Prior to surgery, fine-cut MRI and CT scans of the brain were obtained for neuronavigation. On the day of surgery, the patient was orotracheally intubated, and the lower cranial nerves monitored. Using a zero-degree endoscope, the patient underwent a transnasal-transclival resection of the lesion, which we felt was most likely extradural. A left-sided septal mucosal flap (with attached vascular pedicle) was harvested and stored in the nasopharynx for use at the end of the case in the event the lesion was found to be intradural, a CSF leak was encountered, or an extensive reconstruction was necessary. The right middle turbinate was resected and a posterior septotomy performed to give binarial access to the region of the clivus.

Without entering the sphenoid sinus, and with our trajectory determined by the use of anatomic landmarks as well as image guidance, a paramedian incision in the posterior pharynx was made and the incision extended into the superior pharyngeal musculature. The small linear incision allowed for exposure of the clival bone at a depth of ∼1 cm from the mucosal surface. The superior aspect of the anterior ring of C1 was palpated and exposed. A drill was used to create a bony window in the right side of the clivus, revealing the lesion. The heterogeneous fibrotic mass was removed with sharp and blunt dissection techniques until the underlying dura was exposed and all extradural effacement of the posterior fossa had been alleviated. The lesion was removed circumferentially with no associated dural violation or cerebrospinal fluid (CSF) leak. The mucosal flap was then used to close the pharyngeal mucosal deficit with “tacking” of the flap in place accomplished with DuraSeal (Confluent Surgical, Waltham, MA).

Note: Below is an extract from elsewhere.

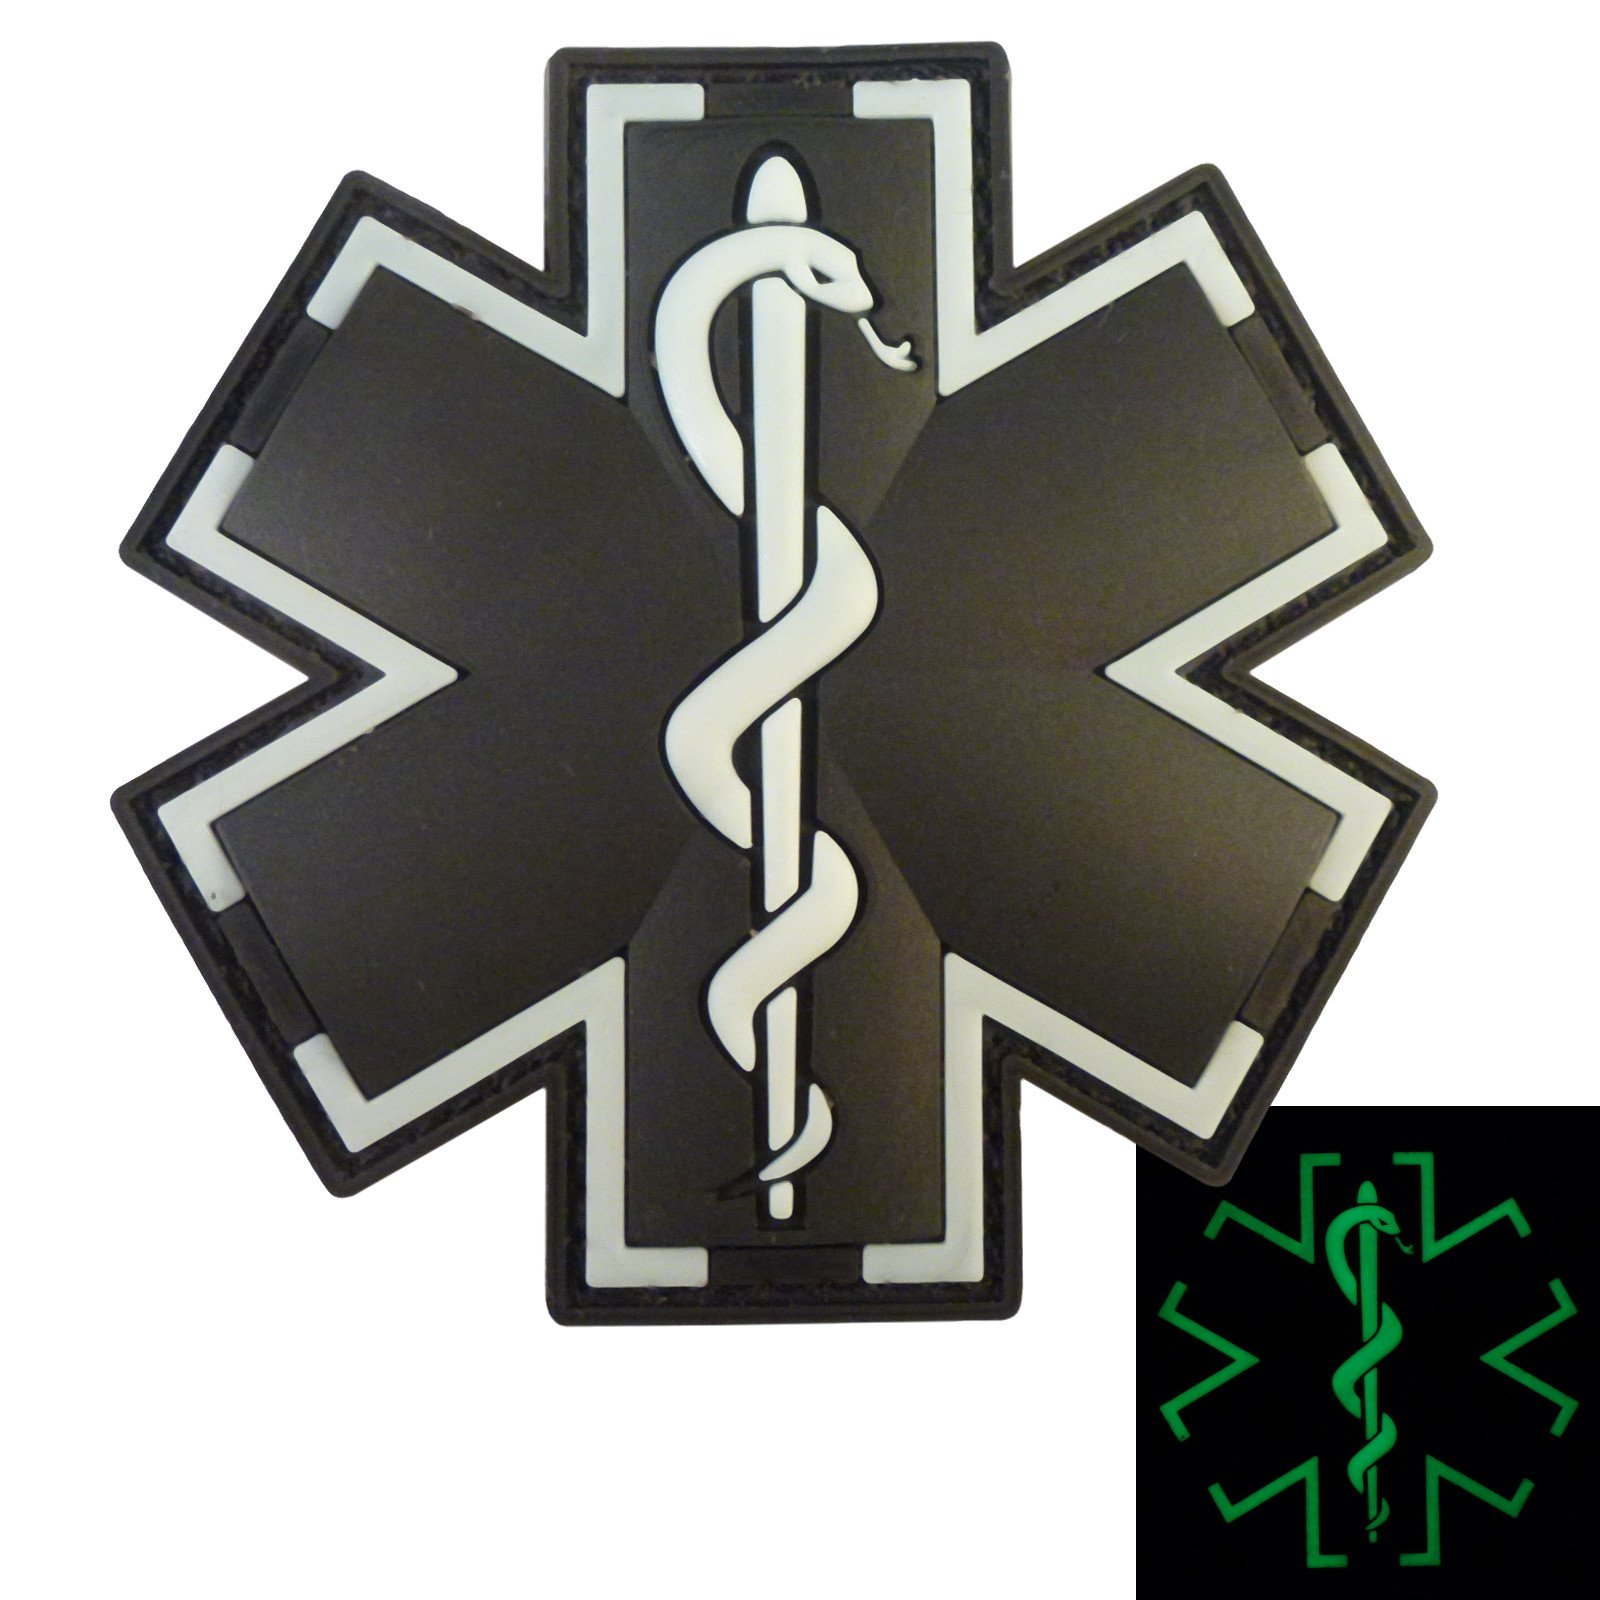  Glow in Dark Medic Cross First Aid Patches, EMS EMT MED Medical  Rescue Tactica Military Morale Combat Armband Badges with Hook and Loop  Fastener Backing, 3.54 x 1.97 Inch, 2 Pieces

The patient tolerated the procedure well and emerged from anesthesia without complication. Estimated blood loss for the procedure was 200 mL.

The patient had no new neurological deficits after the operation. There was no evidence of a CSF leak. She maintained a normal range of motion in her neck, and flexion/extension cervical spine X-rays demonstrated no instability. A postoperative MRI scan of the brain demonstrated complete resolution of the clival lesion (Fig. [3]). The patient left the hospital on postoperative day 4. The pathology of the lesion revealed benign fibrous capsule with fragments of necrotic material consistent with degenerative disease, which was not associated with malignancy. The patient underwent nasal suctioning and debridement at 2 weeks postoperation and continued twice daily nasal flushes. Nasal morbidity was otherwise minimal. At 7 weeks postoperatively, the patient had regained some bulk on the right side of her tongue, but it was still paretic.

Zoom Image

Figure 3 Postoperative magnetic resonance imaging (MRI). (A) Axial MRI of the brain, T1 with contrast, shows complete resection of tumor. (B) Axial MRI of the brain, T2, highlights decompression of the brain stem.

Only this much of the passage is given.